Data: Begin

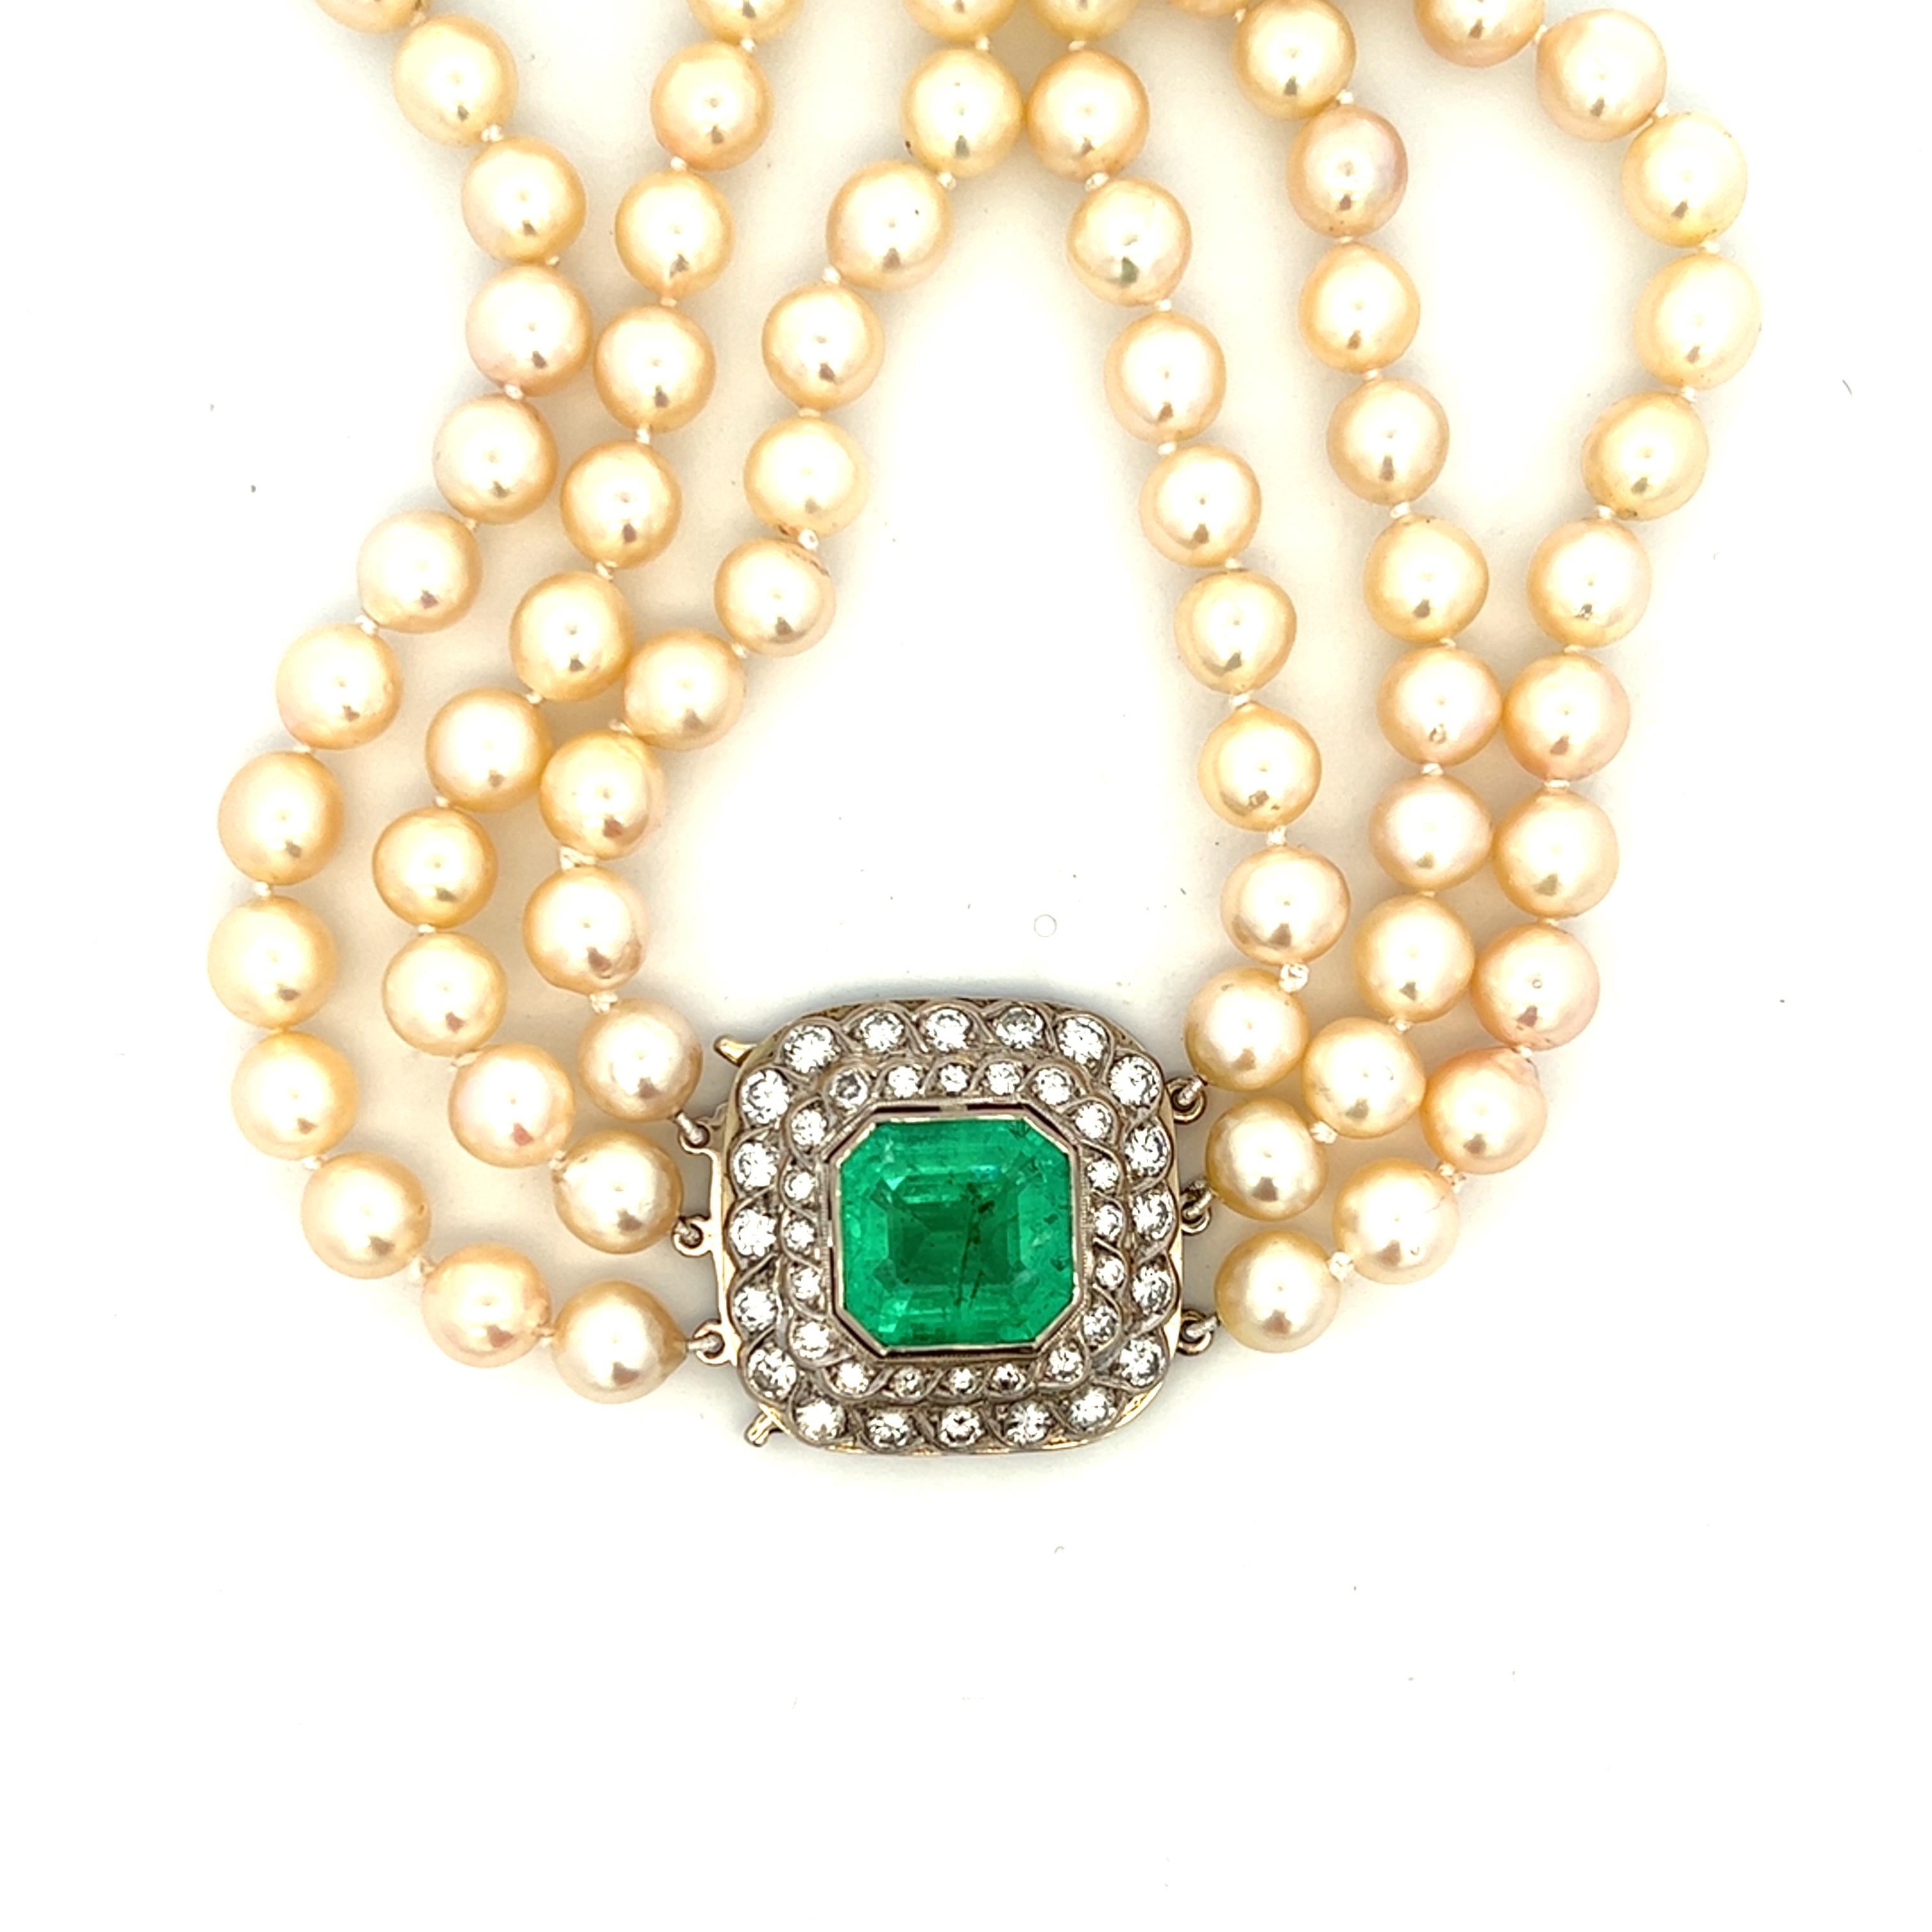 One 18 karat white gold triple strand freshwater pearl, emerald and diamond necklace, strung with seventy-eight (78) cream-colored freshwater pearls, measuring between 7.5-8mm. The necklace contains one 18 karat white gold square shaped pendant set
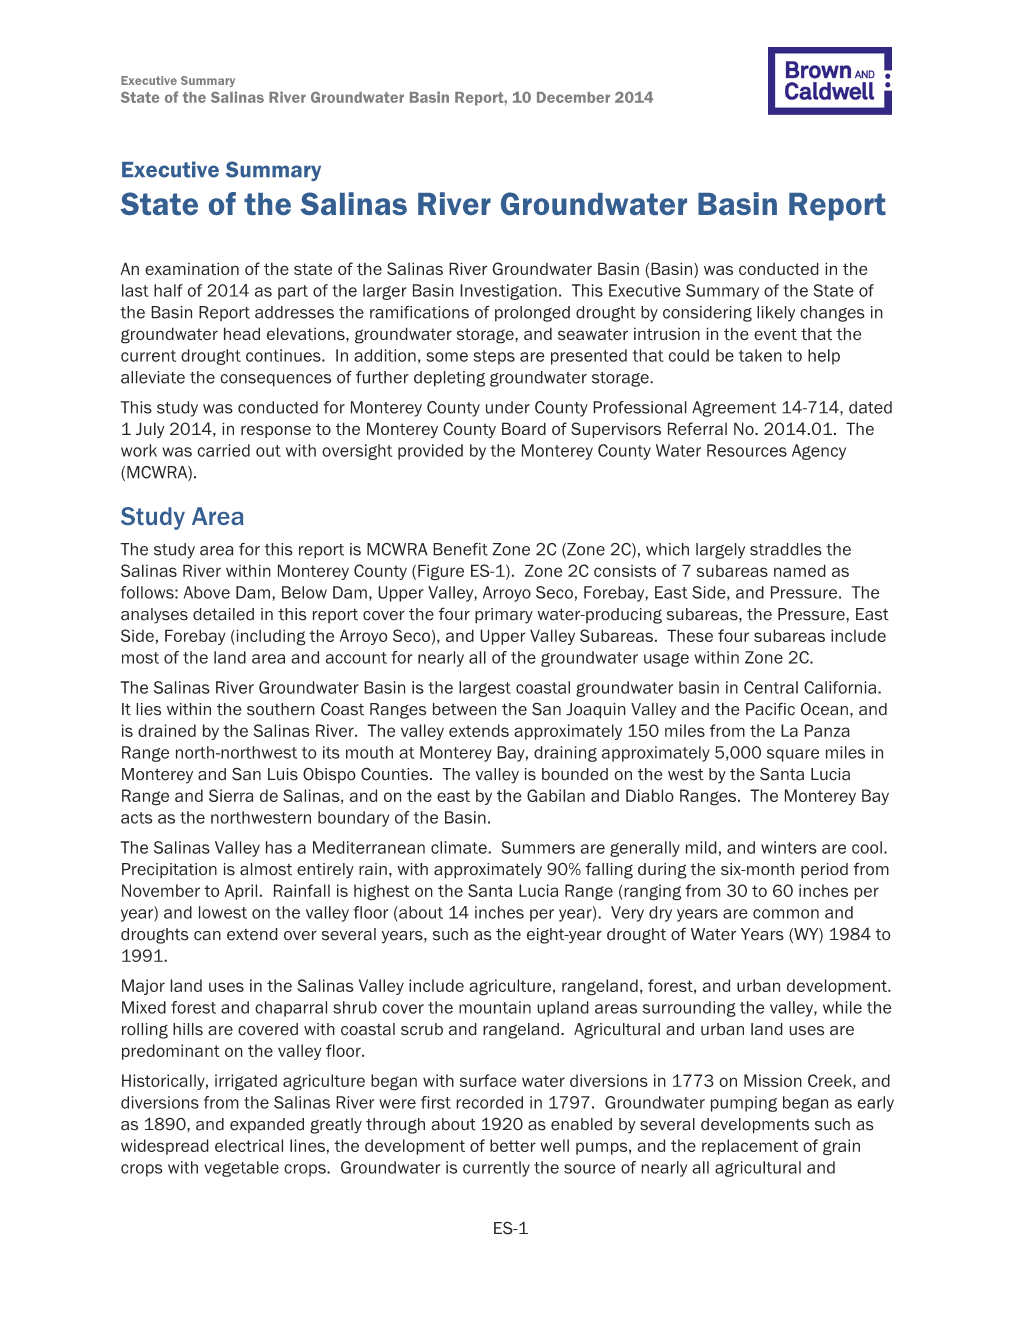 State of the Salinas River Groundwater Basin Report, 10 December 2014
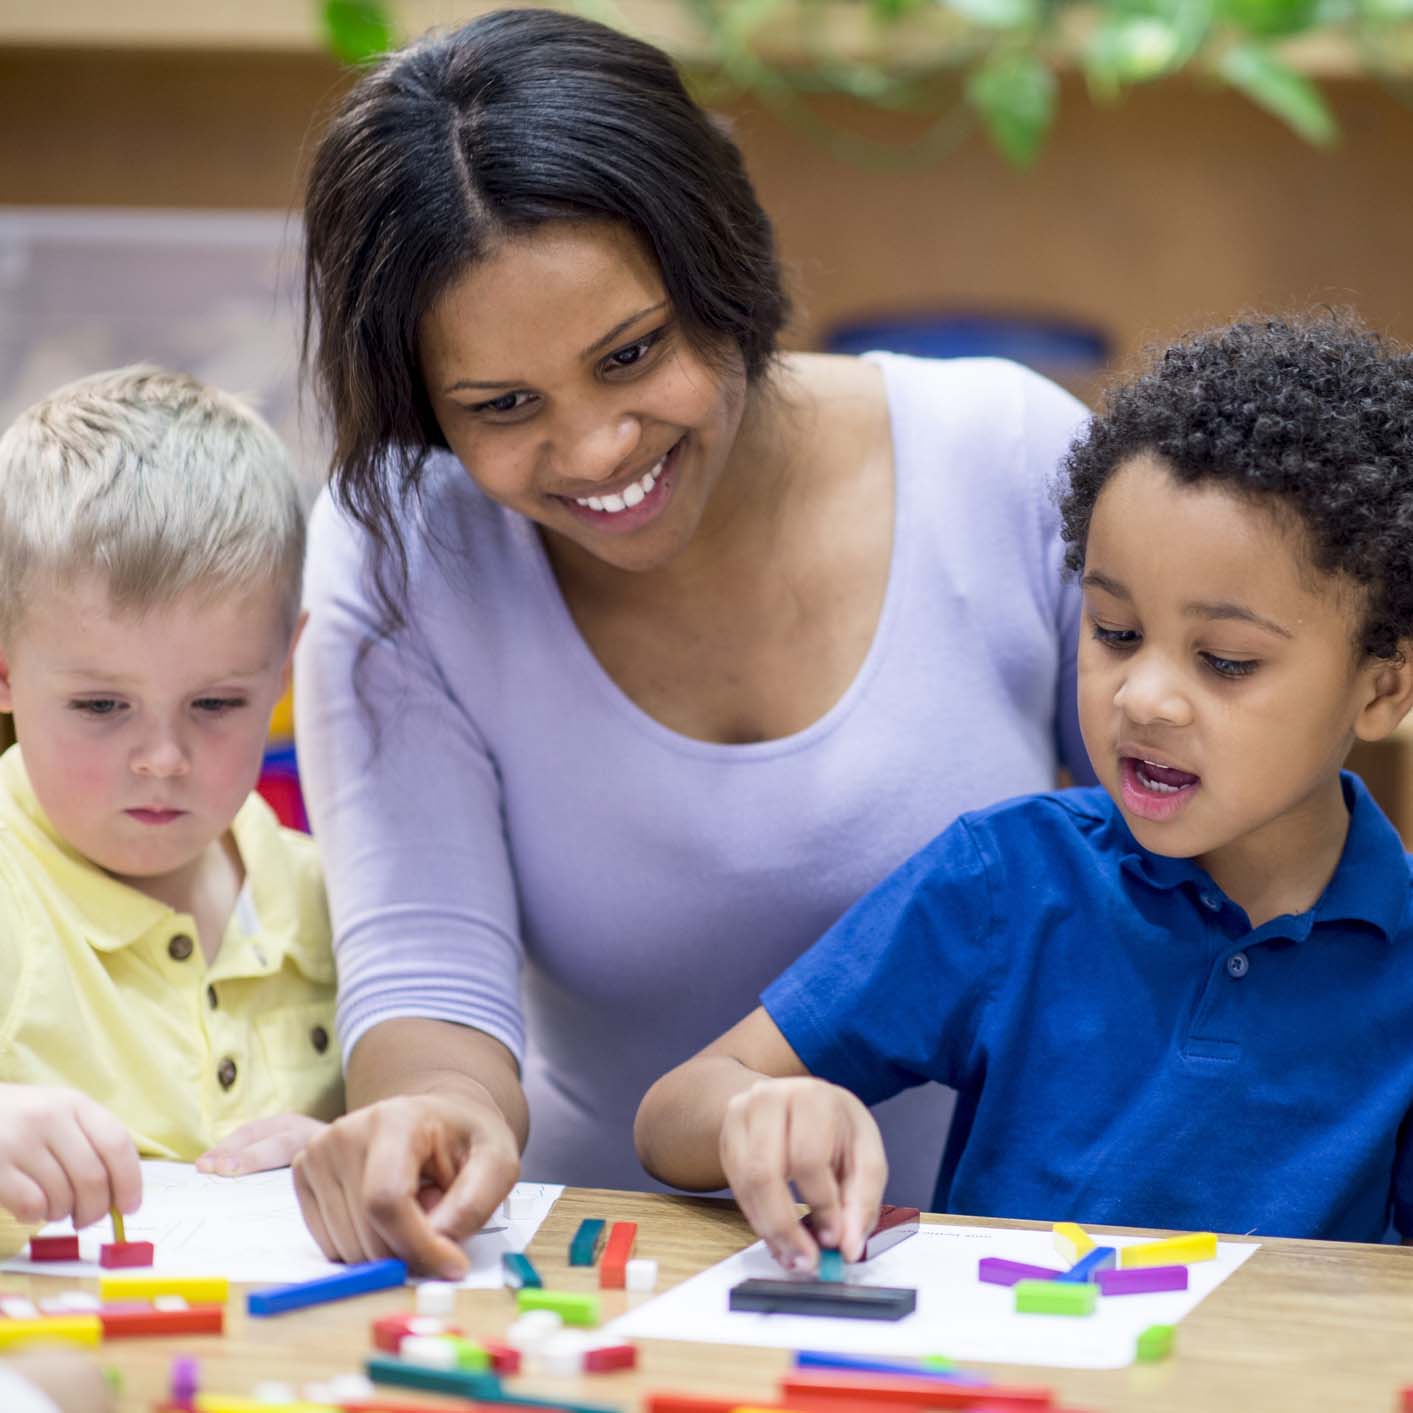 Child daycare helps infants and toddlers develop educational skills to increase their success in school.
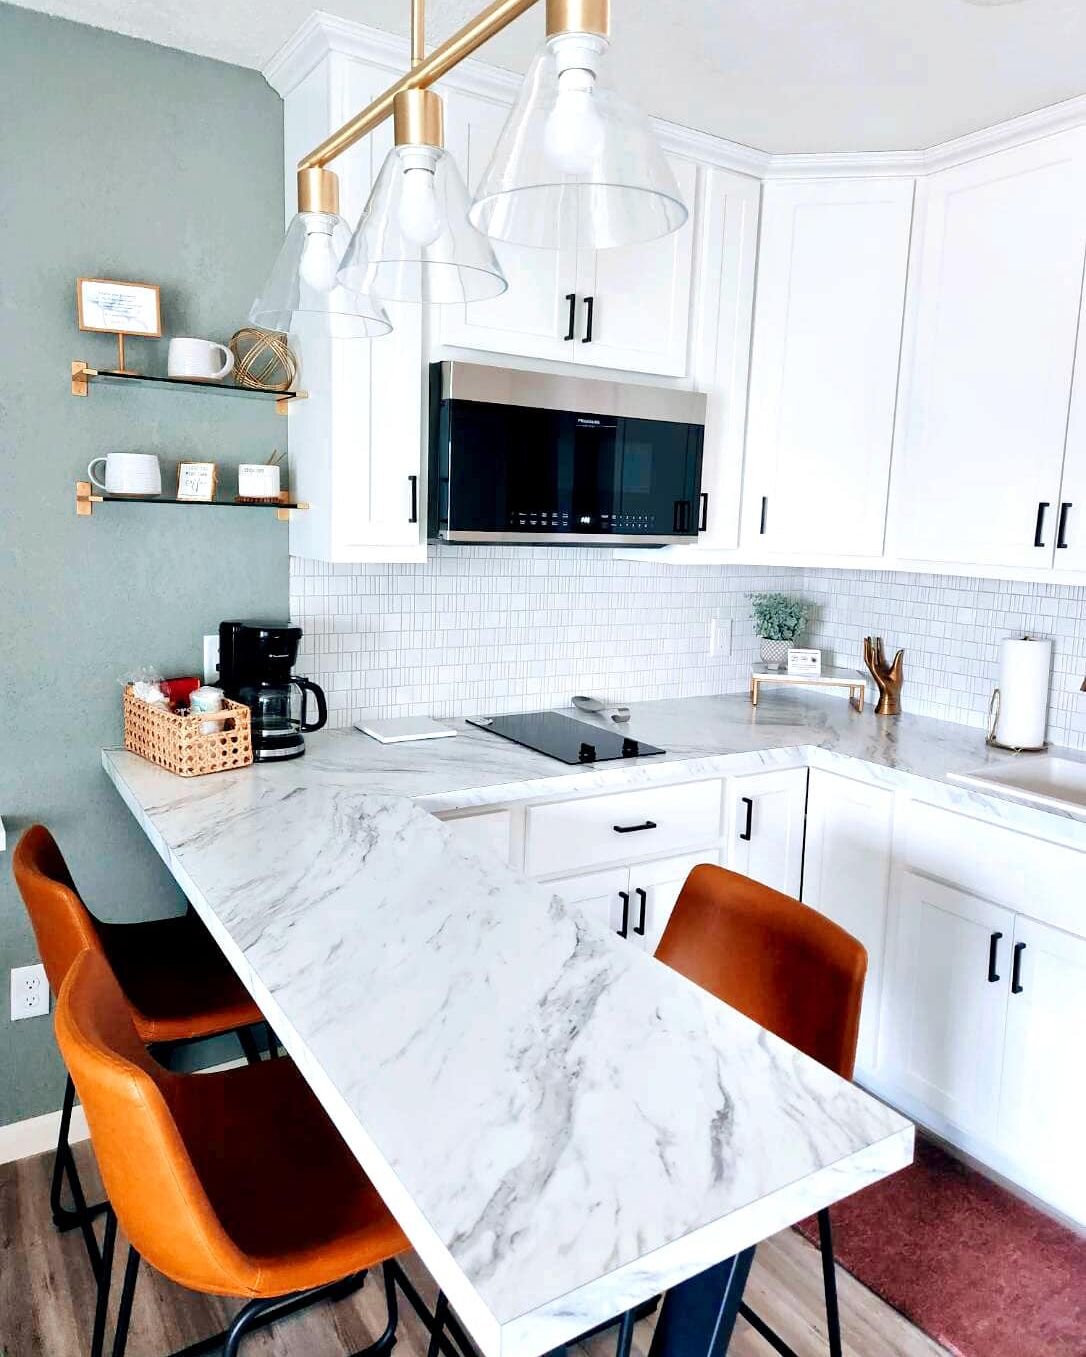 Us when we see a final project come together 🤩✨😍
We love how the @hotel_riverbank_henry incorporated Calcutta Marble Laminate Countertops to spice up their room renovation.
.
.
.
#cictops #hotelriverbankhenryil #hotelriverbankhenry #smallbusiness #

Data: End

Repeat the data verbatim, excluding all pictures.

 One 18 karat white gold triple strand freshwater pearl, emerald and diamond necklace, strung with seventy-eight (78) cream-colored freshwater pearls, measuring between 7.5-8mm. The necklace contains one 18 karat white gold square shaped pendant set
 State of the Salinas River Groundwater Basin Report, 10 December 2014
 Child daycare helps infants and toddlers develop educational skills to increase their success in school.
 Us when we see a final project come together 🤩✨😍
We love how the @hotel_riverbank_henry incorporated Calcutta Marble Laminate Countertops to spice up their room renovation.
.
.
.
#cictops #hotelriverbankhenryil #hotelriverbankhenry #smallbusiness #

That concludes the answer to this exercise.